Manaberita.com – PERTEMPURAN suku di Nil Biru Sudan telah mengusir ribuan orang dari rumah mereka setelah kekerasan pecah pada awal Juli atas konflik tanah antara kelompok etnis Birta dan Hausa. Bentrokan antara negara tetangga Sudan Selatan dan Ethiopia telah menciptakan krisis kemanusiaan yang meningkat ketika organisasi bantuan menunggu berakhirnya permusuhan untuk memberikan bantuan.
Dilansir Aljazeera, Pihak berwenang mengatakan bahwa setidaknya 105 orang telah tewas. Sara Mohammed mengatakan dia melarikan diri dari al-Damazin segera setelah dia mendengar laporan tentang pertempuran suku dan menuju ke negara bagian Sennar yang berdekatan. “Kami membutuhkan lebih dari enam jam berjalan kaki untuk sampai ke sini dan sekarang kami tidak memiliki apa-apa kecuali apa yang diberikan kepada kami oleh komunitas tuan rumah,” katanya.
Sementara beberapa telah berhasil menemukan perlindungan di tempat lain, ribuan orang mengungsi di negara bagian Nil Biru itu sendiri. “Saya melarikan diri tanpa apa-apa kecuali pakaian yang saya kenakan,” kata Anwar Mohammed kepada Al Jazeera. Pengungsi mengatakan mereka menjadi semakin putus asa karena lokasi mereka tetap sulit dijangkau karena pertempuran yang sedang berlangsung.

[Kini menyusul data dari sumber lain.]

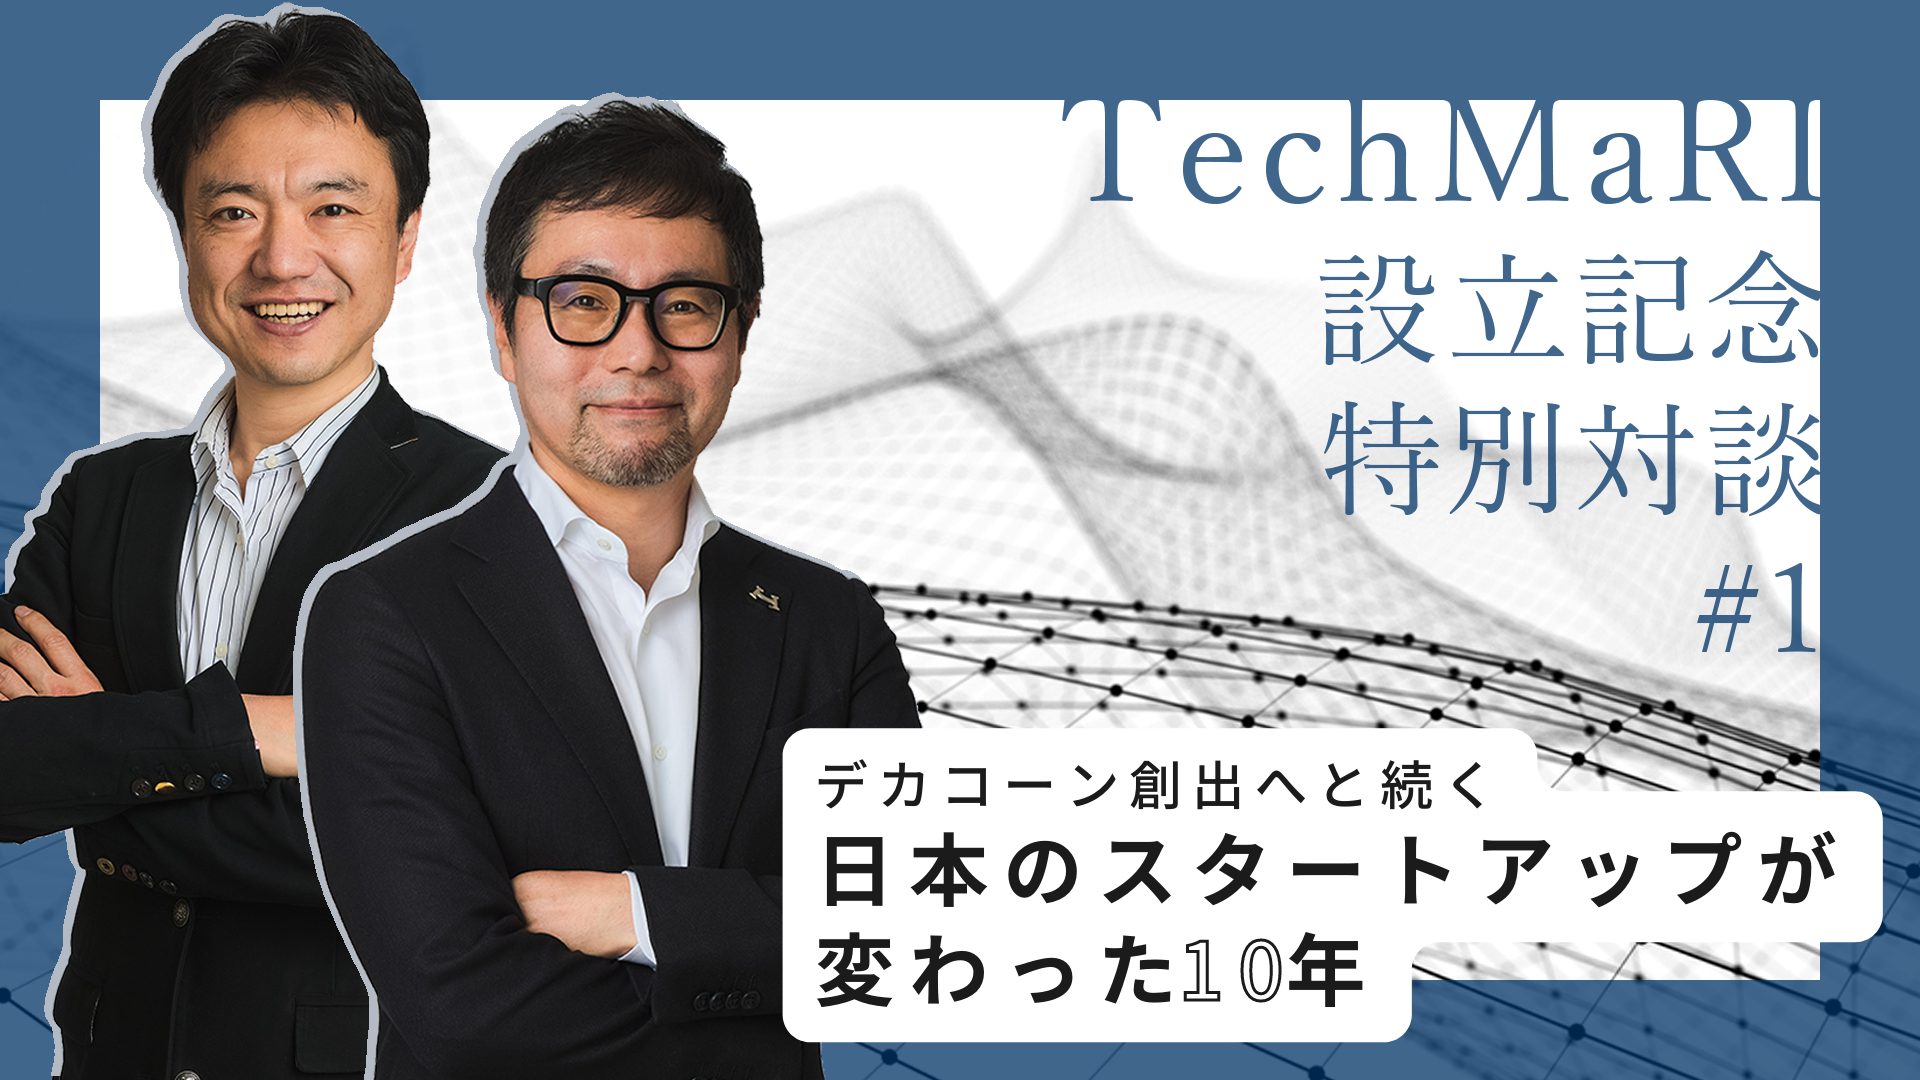 デカコーン創出へと続く、日本のスタートアップが変わった10年――テクノベート経営研究所設立記念 特別対談 #1
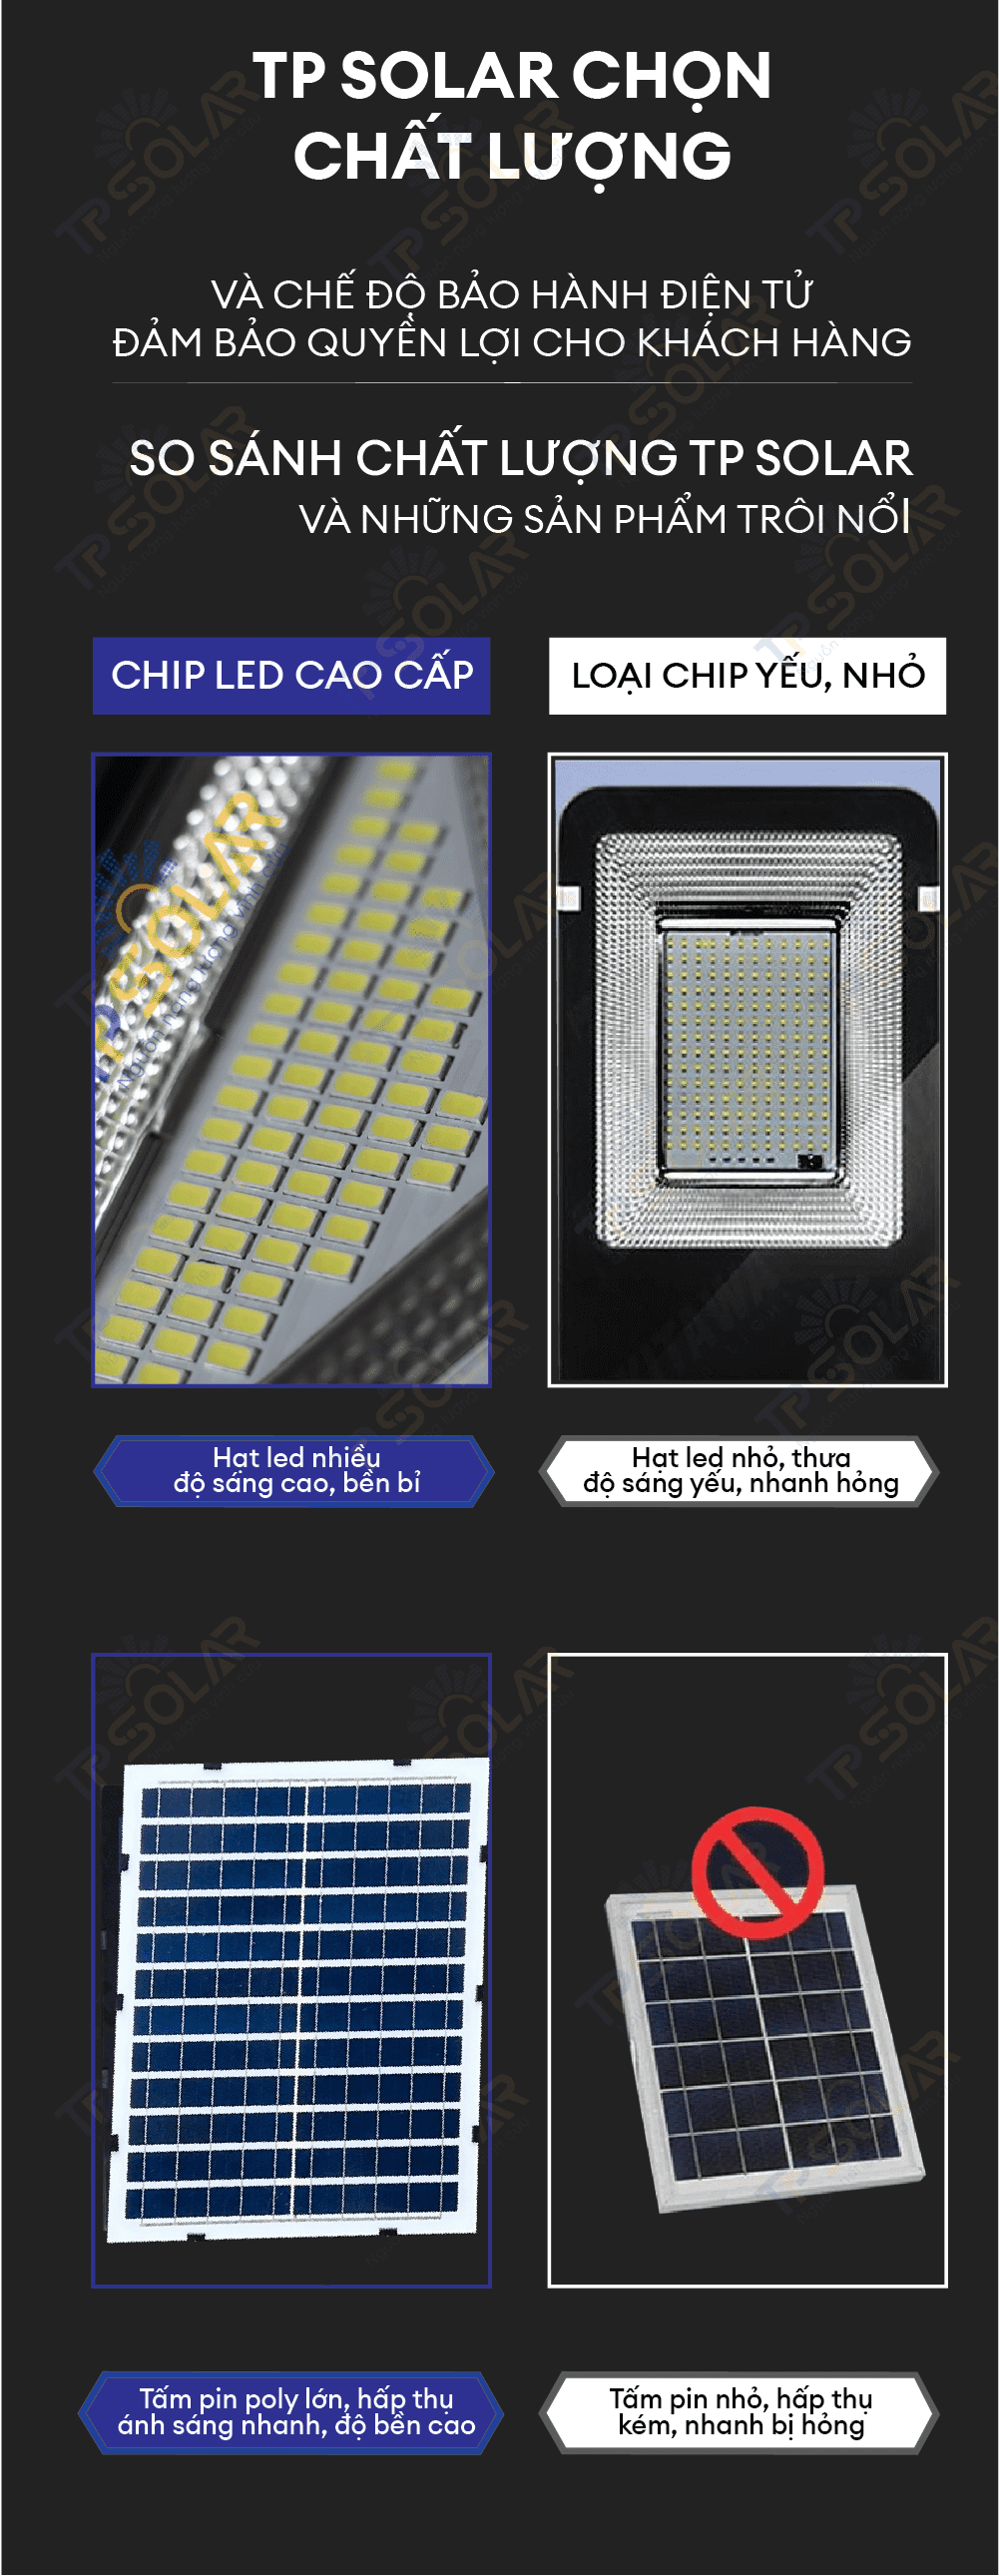 so sánh chất lượng của đèn tp solar với hàng trôi nổi

“Tidak ada yang datang untuk melihat apa kebutuhan kami. Ada orang dengan penyakit kronis dan anak-anak yang membutuhkan bantuan. Kami membutuhkan seseorang untuk datang dan memberi kami bantuan, ”katanya. Dari al-Damazin di negara bagian Nil Biru, mengatakan bahwa selama permusuhan suku berlanjut, mendapatkan bantuan kepada mereka yang membutuhkannya akan tetap menjadi tantangan.
Sementara anggota suku Hausa mengatakan kekerasan meletus setelah Birta menolak permintaan Hausa untuk menciptakan “otoritas sipil untuk mengawasi akses ke tanah”, suku Birta mengatakan suku itu menanggapi “pelanggaran” tanahnya oleh Hausa. Pemerintah telah memberlakukan jam malam dan melarang pertemuan besar di dua kota dalam upaya untuk memadamkan kekerasan.
Negara bagian Nil Biru, dan wilayah yang lebih luas pada umumnya, telah lama mengalami kerusuhan. Para ahli mengatakan kudeta tahun lalu, yang dipimpin oleh panglima militer Abdel Fattah al-Burhan, menciptakan kekosongan keamanan yang telah mendorong kebangkitan kekerasan suku, di negara di mana bentrokan mematikan secara teratur meletus atas tanah, ternak, akses ke air dan penggembalaan.
Demonstran pro-demokrasi menuduh kepemimpinan militer Sudan dan mantan pemimpin pemberontak yang menandatangani kesepakatan damai 2020 memperburuk ketegangan etnis di negara bagian itu untuk keuntungan pribadi.
Para kritikus menuduh pemerintah sebelumnya lebih menyukai suku Hausa karena percaya bahwa yang lain mendukung gerakan anti-pemerintah. Pengamat khawatir konflik akan menjadi lebih keras dan meluas ke wilayah Benishangul-Gumuz Ethiopia, di mana Addis Ababa sedang membangun Bendungan Renaissance.